▶ What is expected
In your copy of the data, omit the pictures and keep all else exactly as given.

(Data provided)

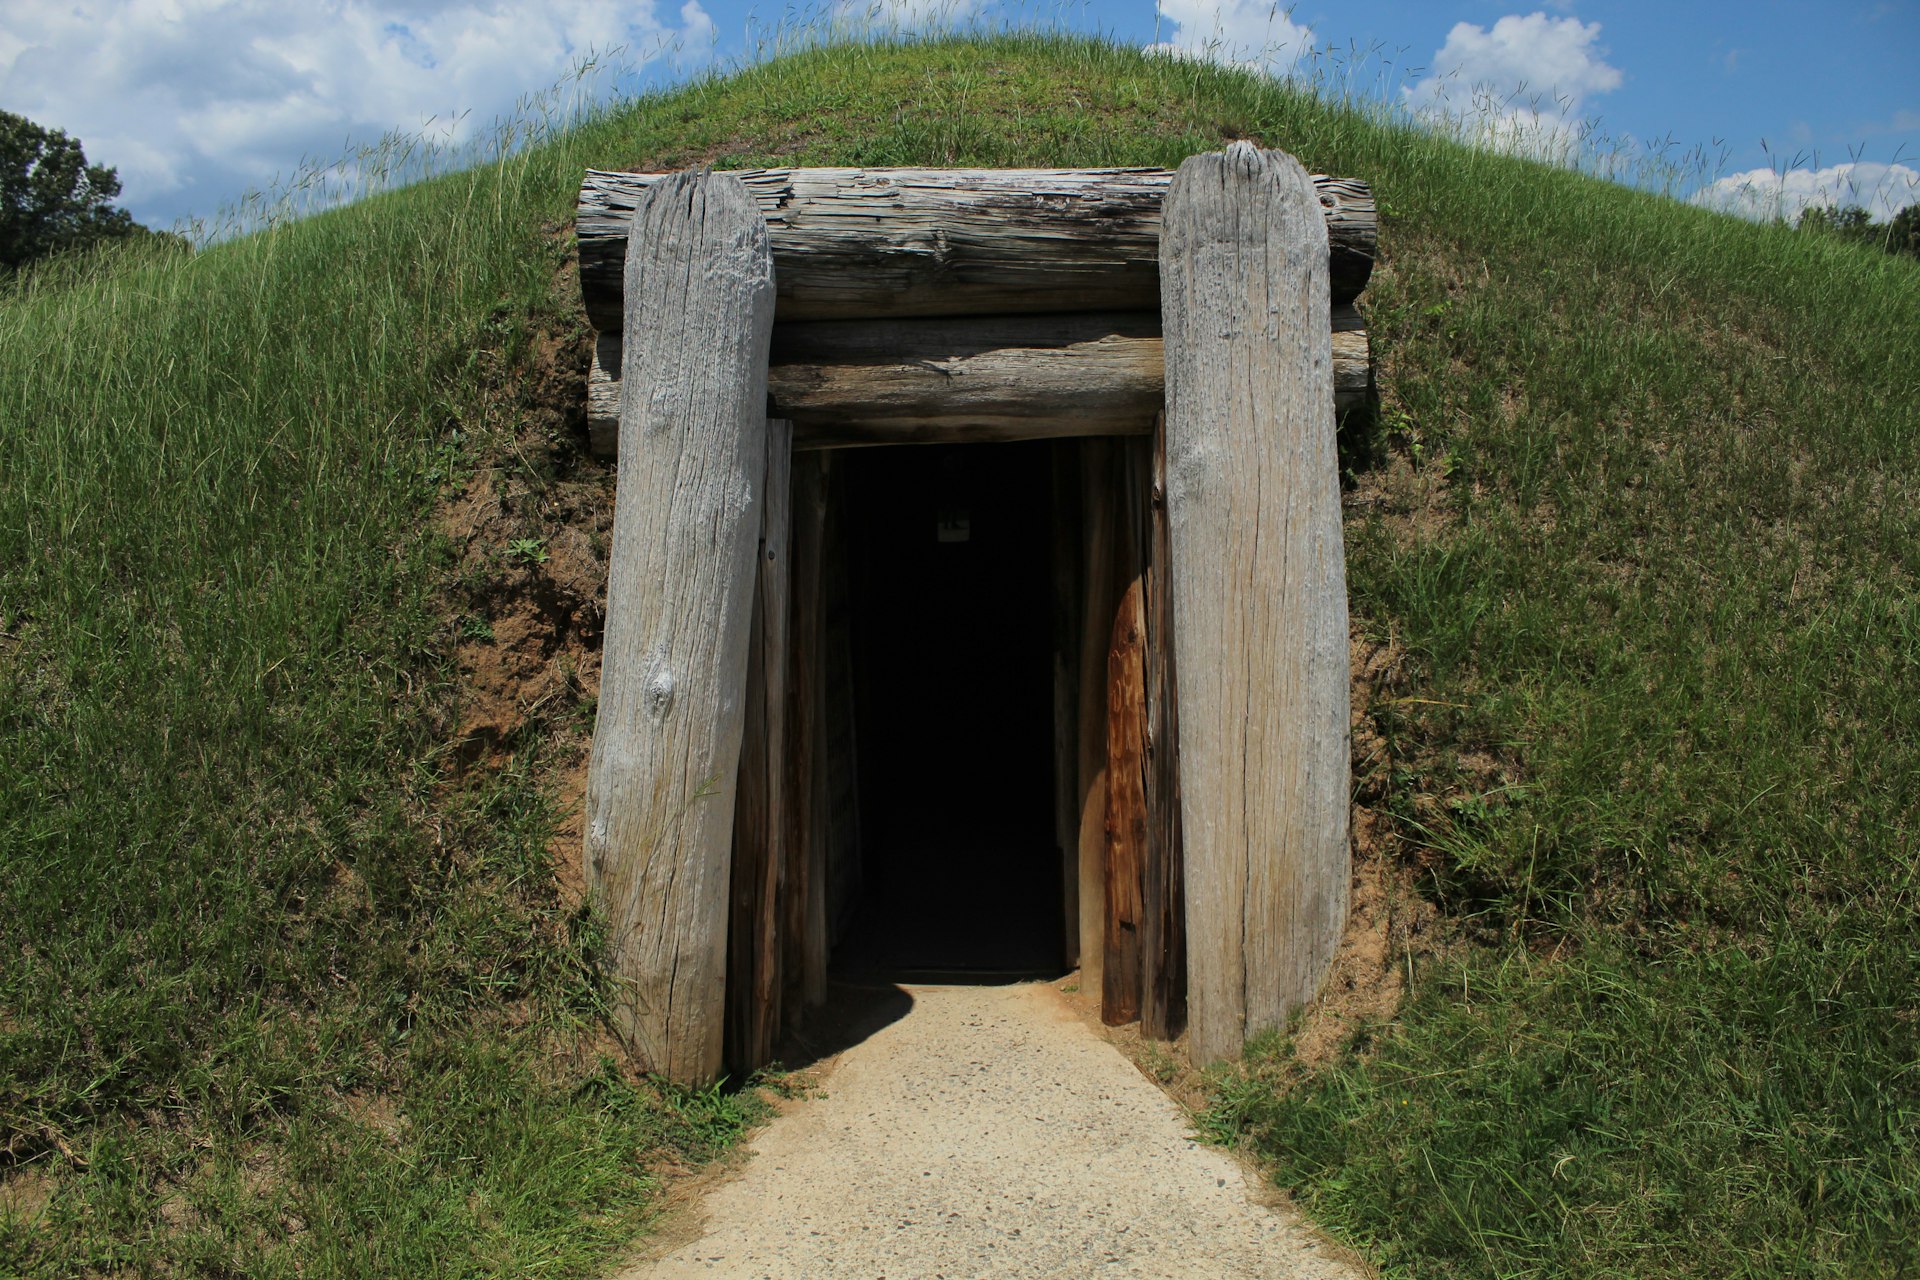 Large pieces of wood make up the doorway of the Ocmulgee Mounds in Georgia.
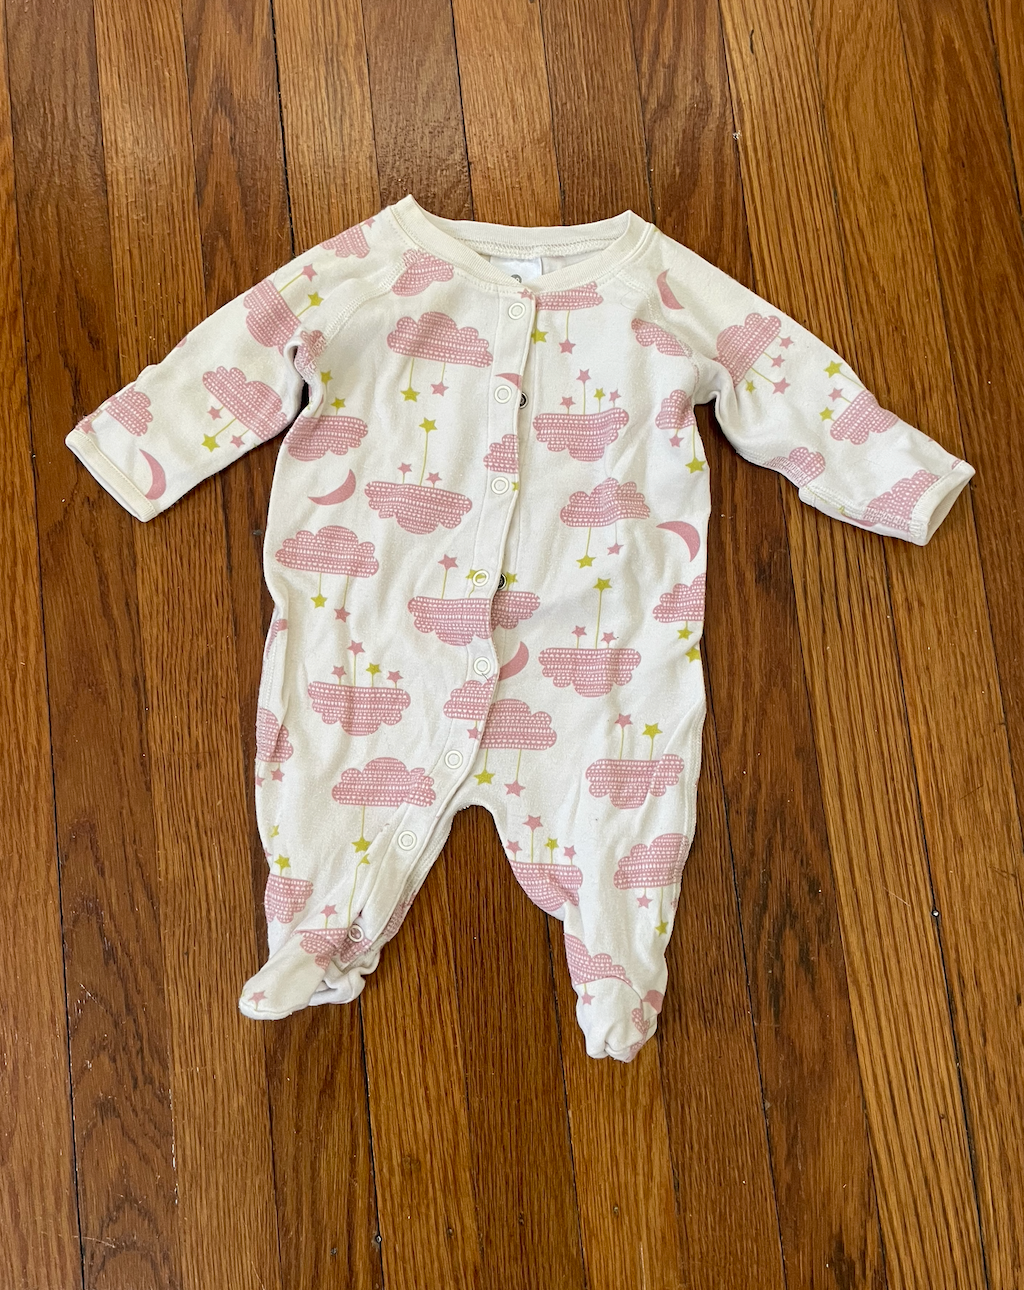 Hanna Andersson long sleeve sleeper - pink clouds - size 0-3 months
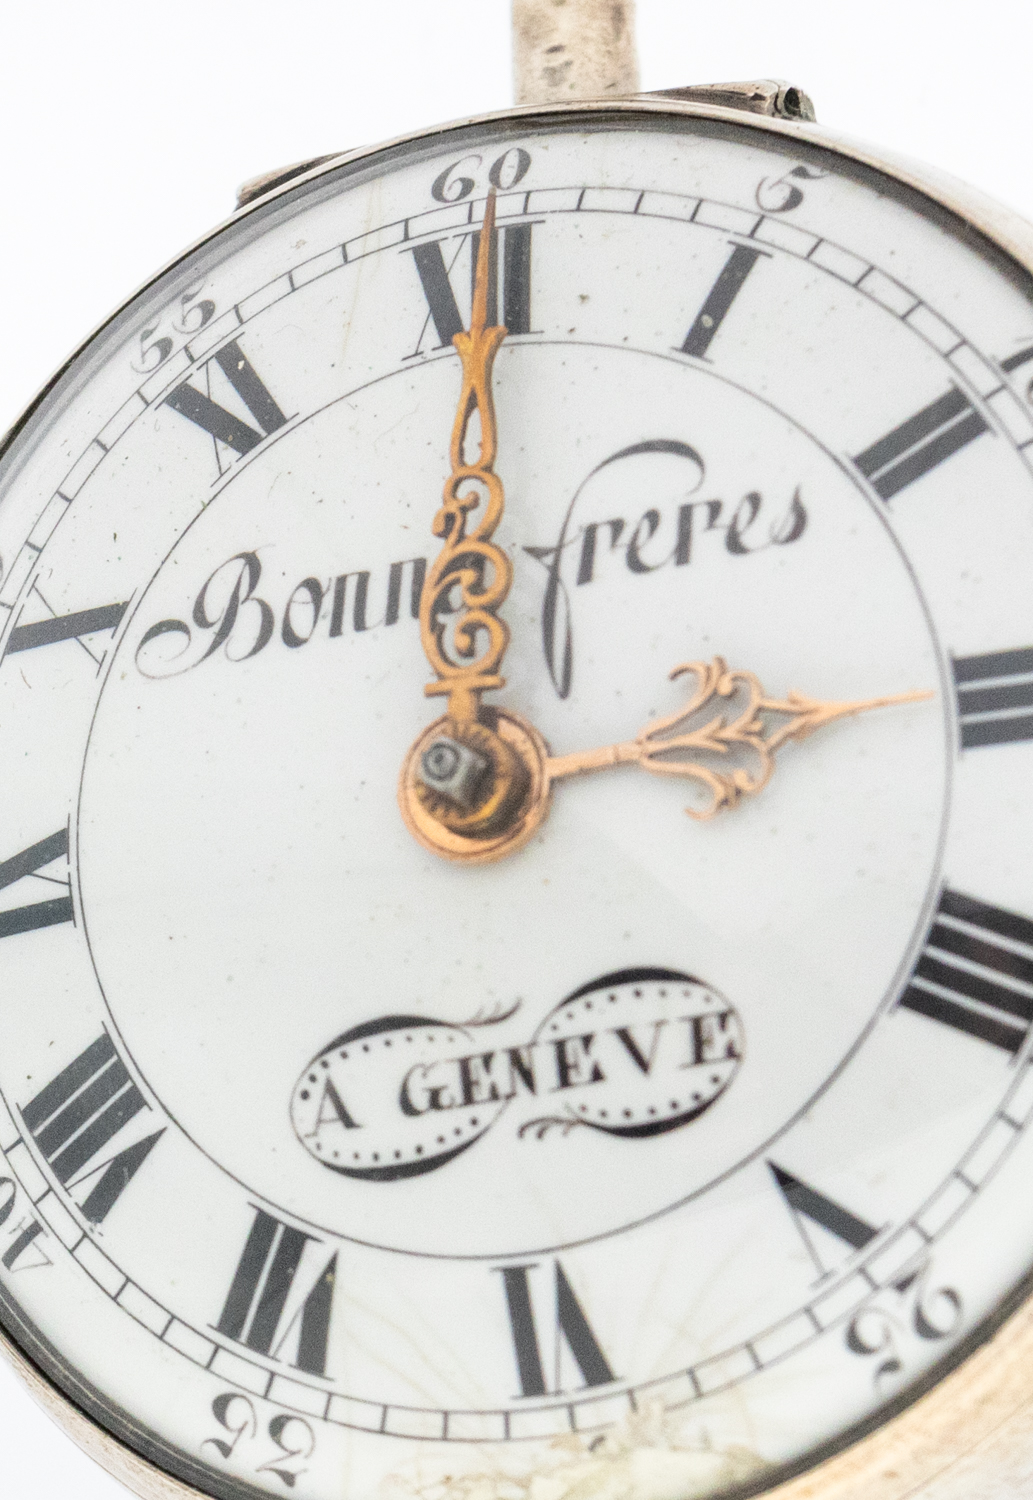 A George III continental Bonna Freres A Geneve silver cased pocket watch, white enamel signed dial - Image 2 of 3

(End Data provided)

▶ Solution for this task
 Large pieces of wood make up the doorway of the Ocmulgee Mounds in Georgia.
 Hanna Andersson long sleeve sleeper - pink clouds - size 0-3 months
 A George III continental Bonna Freres A Geneve silver cased pocket watch, white enamel signed dial - Image 2 of 3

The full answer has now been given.